The whole batched background migration is marked as `failed`
(`/chatops run batched_background_migrations status MIGRATION_ID` shows
the migration as `failed`) if any of the following is true:

- There are no more jobs to consume, and there are failed jobs.
- More than [half of the jobs failed since the background migration was started](https://gitlab.com/gitlab-org/gitlab/blob/master/lib/gitlab/database/background_migration/batched_migration.rb#L160).

### Throttling batched migrations

Because batched migrations are update heavy and there were few incidents in the past because of the heavy load from migrations while the database was underperforming, a throttling mechanism exists to mitigate them.

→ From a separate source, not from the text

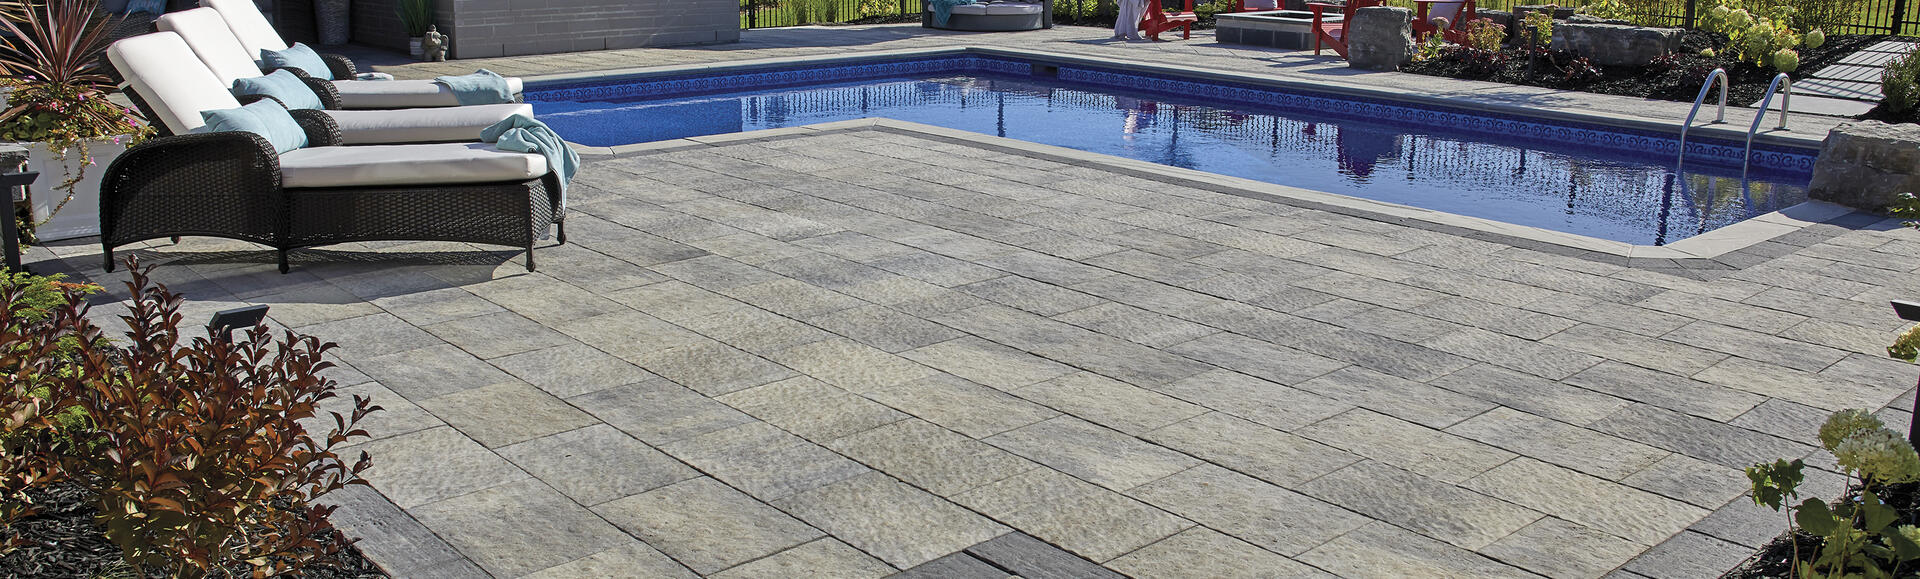 Patio with pool using Rialto products from Brampton Brick

These database indicators are checked to throttle a migration. On getting a
stop signal, the migration is paused for a set time (10 minutes):

- WAL queue pending archival crossing the threshold.
- Active autovacuum on the tables on which the migration works on.
- Patroni apdex SLI dropping below the SLO.
- WAL rate crossing the threshold.

It's an ongoing effort to add more indicators to further enhance the
database health check framework. For more details, see
[epic 7594](https://gitlab.com/groups/gitlab-org/-/epics/7594).

### Isolation

Batched background migrations must be isolated and cannot use application code (for example,
models defined in `app/models` except the `ApplicationRecord` classes).
Because these migrations can take a long time to run, it's possible
for new versions to deploy while the migrations are still running.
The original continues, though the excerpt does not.